I usually just let the comment thread go on its separate way, but let me go ahead and reinforce one point: I didn't mean to(and don't) compare just Longhorn alone to sending a man to the moon, though I was admittedly vague on that point (apologies). I meant to compare Microsoft's entire R&D effort with it -- because on a monetary level, it's actually pretty equivalent. That includes:
An operating system, including several file systems, security system, Web browser, file server, and a shell
A Web server
An Enterprise-scale database engine
An Enterprise-scale email server
An Enterprise-scale e-commerce server
An Enterprise-scale management product
An Enterprise-scale firewall
A speech-application server
Several compilers and a development environment
A word processor
A presentation program
A note-taking application
A desktop database application
A PIM application
Sharepoint (I don't even know how to classify Sharepoint, it does so many things)
A real-time communications server
A CRM product
An Internet-scale email service
An Internet-scale search engine
An Internet shopping site
An Internet music site
An instant-messaging application and Internet-scale service
A personal-finance application
A digital-photography application
Interactive television software
A game console
Software to run your cell phone
... and about 100 other products.

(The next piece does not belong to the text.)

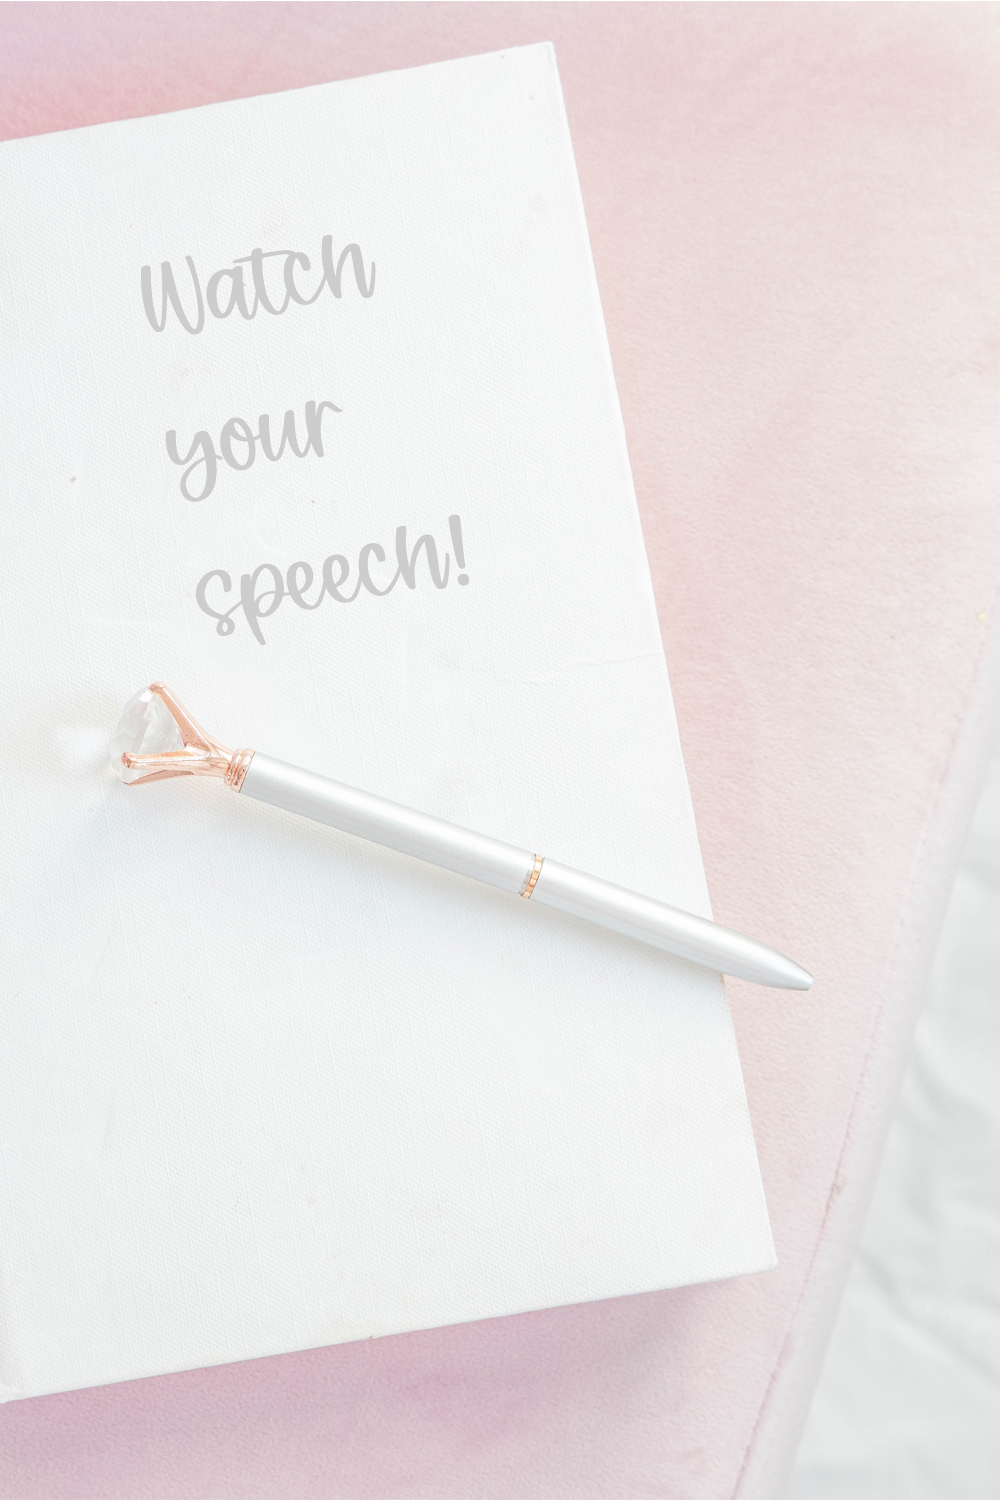 Watch Your Speech

Altogether supporting hundreds of millions of customers around the globe. The breadth and depth of what this company tries to build is stunning. It doesn't always succeed, and perhaps you could partly chalk that up to the Law of Large Numbers. You could also possibly argue that it's spread itself too thin; that's certainly a discussion that occurs frequently both inside and outside the company. But right or wrong, you have to admire the sheer guts and determination to take on building that much software.
My SPOT watch has more computing power than the Apollo lander had. And like Apple with the Mac, NASA had the advantage of controlling the hardware specification :-) Microsoft, by design, doesn't have that luxury. Sending a man to the moon was an incredibly ambitious, complex, technically sophisticated project. And so is building software in the 21st century, especially if you're building a LOT of it for a LOT of people. You could argue whether Windows alone is a fair comparison (it might still be), but the technical complexities are amazing -- just in different dimensions.
Bottom line: there's a fair comparison to be made here. Now let the real argument begin.